Intel promised to be transparent about its progress to address the Meltdown and Spectre CPU flaws, but it has been quite a bumpy road so far. As you may know, the company said that it would issue firmware updates for all its processors from the past five years by the end of the month, but the company already acknowledged some issues last week.
Indeed, Intel VP Navin Shenoy admitted that firmware updates for Haswell and Broadwell processors could cause “higher system reboots.” In a new blog post published yesterday, the exec added that recent patches for the newer Ivy Bridge, Sandy Bridge, Skylake, and Kaby Lake architectures can cause similar reboot issues (via Engadget). The good news is that Intel is already working on new firmware updates to address these problems. You can read Shenoy’s full explanation below:
We have now issued firmware updates for 90 percent of Intel CPUs introduced in the past five years, but we have more work to do. As I noted in my blog post last week, while the firmware updates are effective at mitigating exposure to the security issues, customers have reported more frequent reboots on firmware updated systems.
As part of this, we have determined that similar behavior occurs on other products in some configurations, including Ivy Bridge-, Sandy Bridge-, Skylake-, and Kaby Lake-based platforms. We have reproduced these issues internally and are making progress toward identifying the root cause. In parallel, we will be providing beta microcode to vendors for validation by next week.

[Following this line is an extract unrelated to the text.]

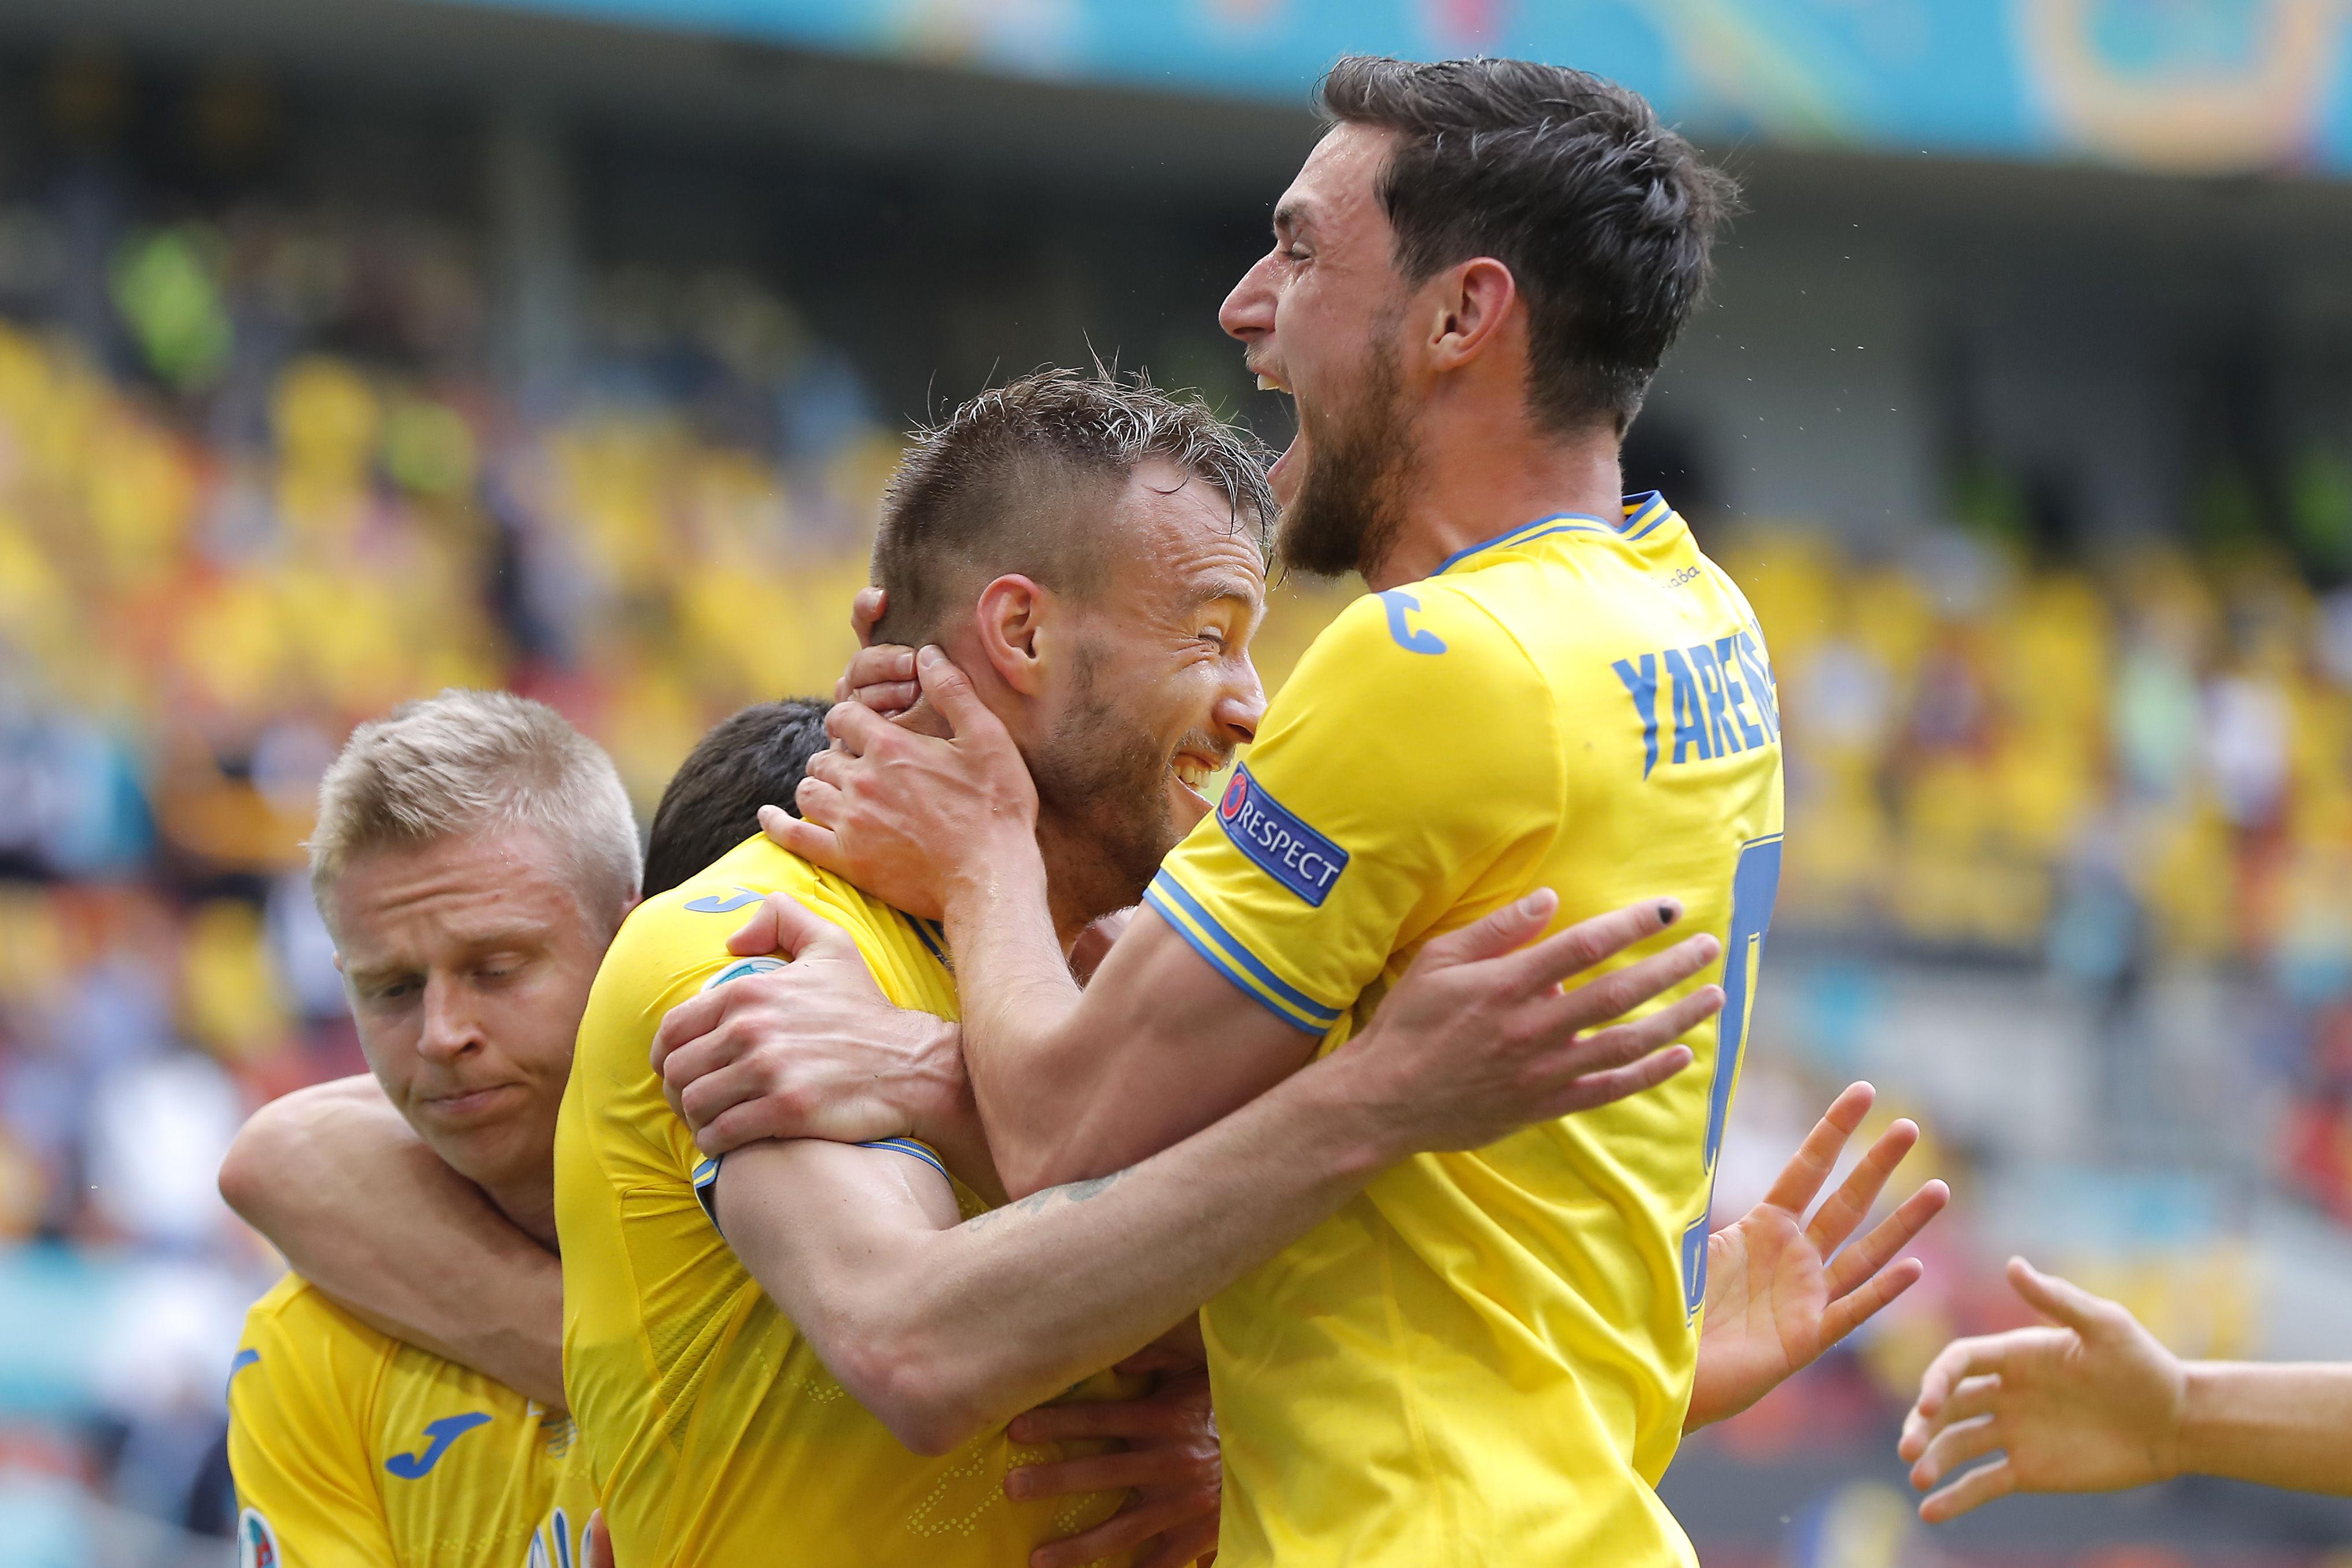 Андрей Тлумак: У всех есть радость от победы Украины, но полного удовлетворения от игры нет - изображение 1
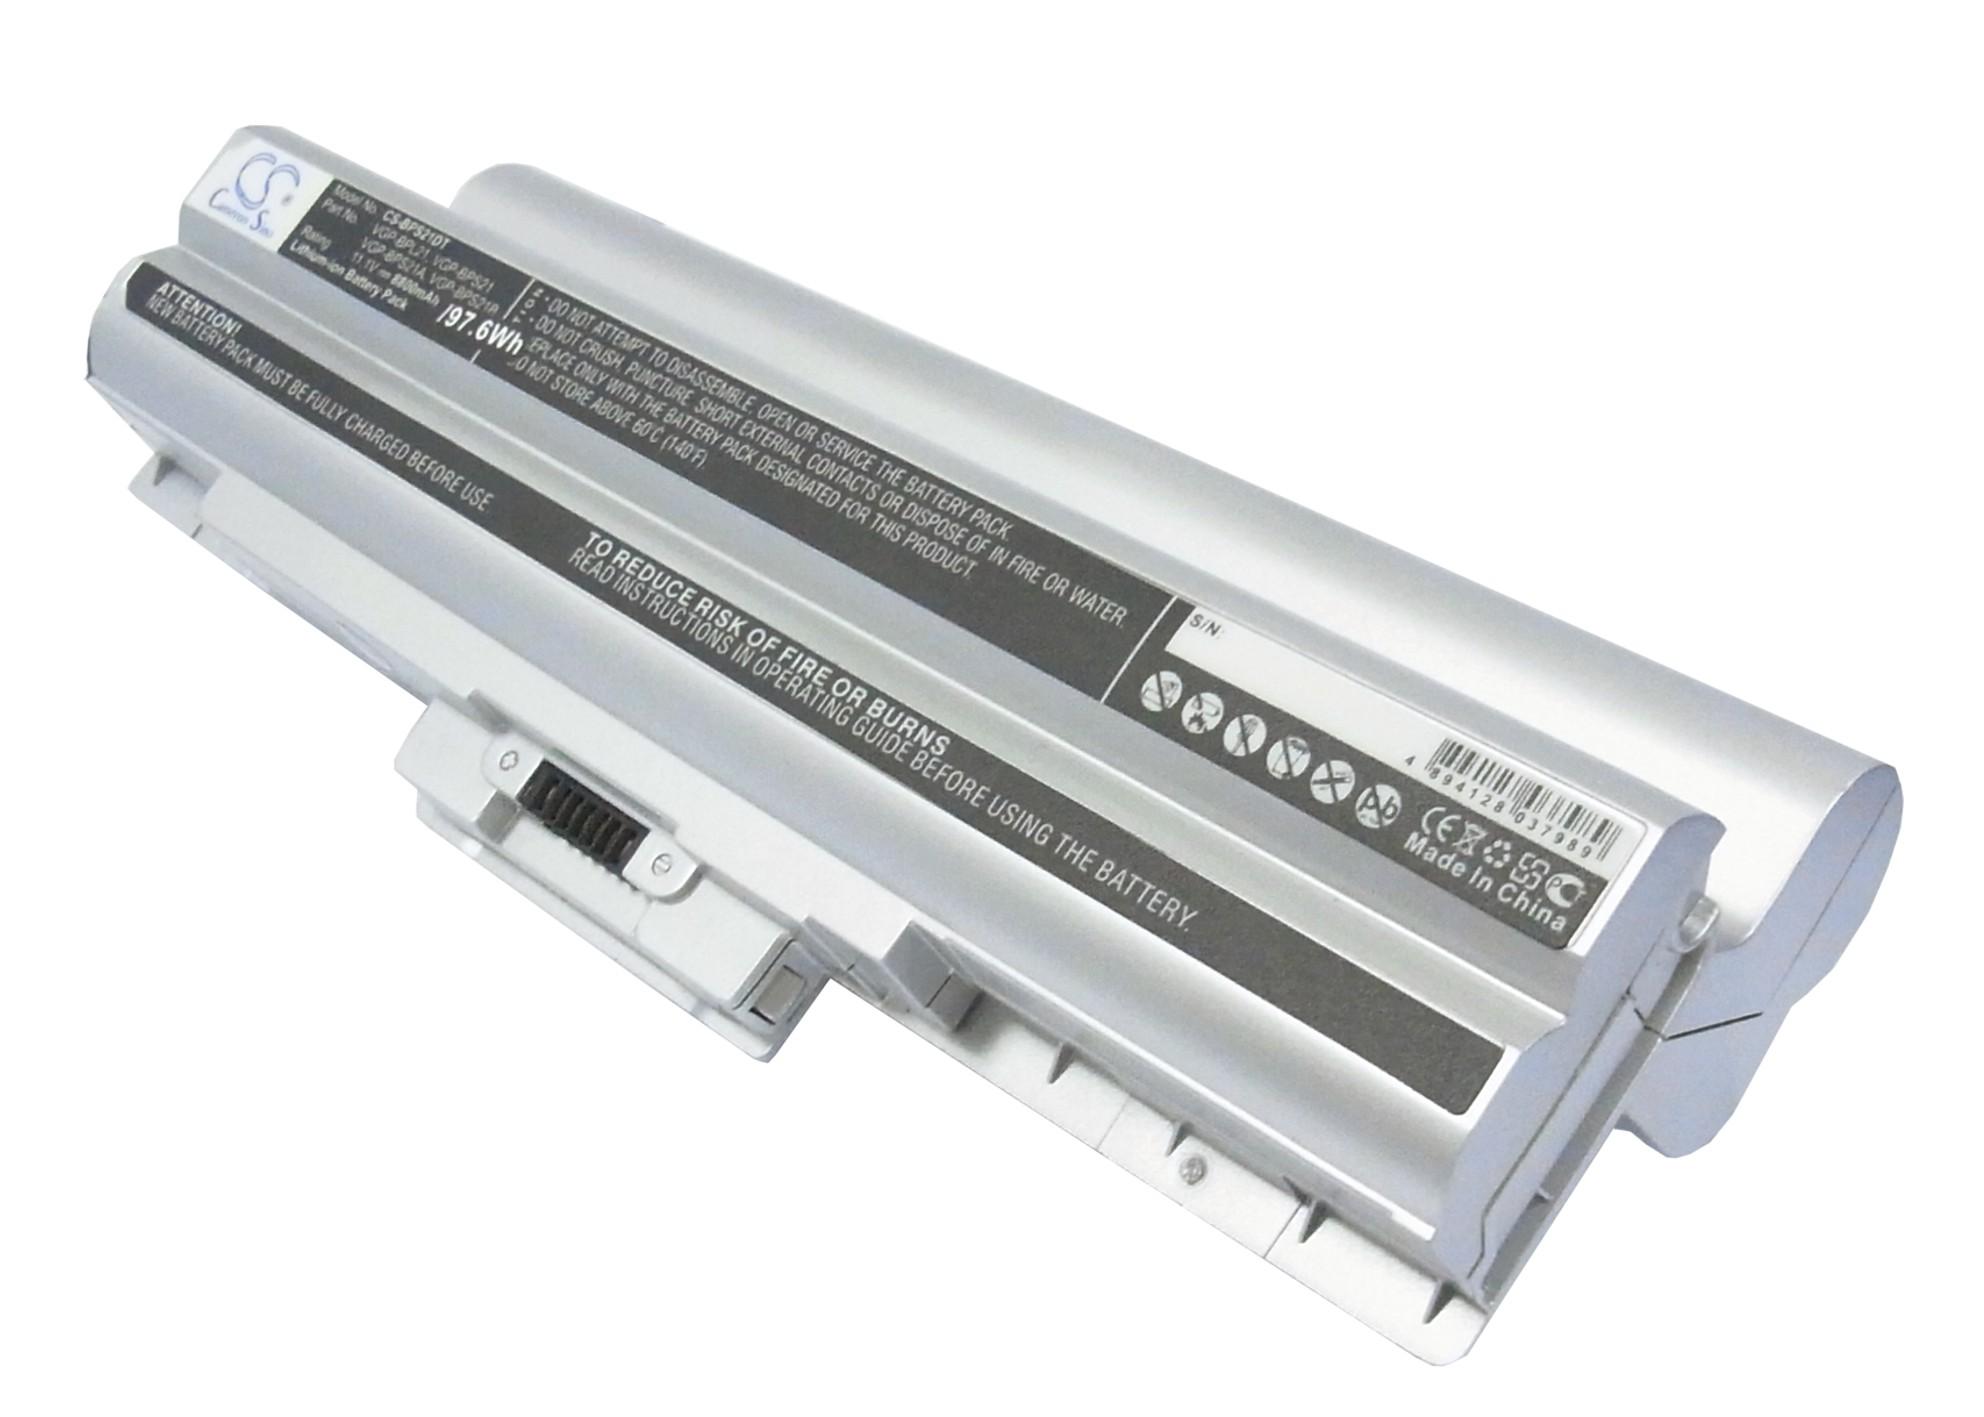 Cameron Sino baterie do notebooků pro SONY VAIO VGN-SR51MF 11.1V Li-ion 8800mAh stříbrná - neoriginální

Despite the recently discovered reboot issues, Intel also explained on its Security Center site OEM partners should keep rolling out firmware updates already released to end users to provide protection against Meltdown and Spectre. “We further recommend that OEMs, Cloud service providers, system manufacturers and software vendors begin evaluation of Intel beta microcode update releases in anticipation of definitive root cause and subsequent production releases suitable for end users,” the company added.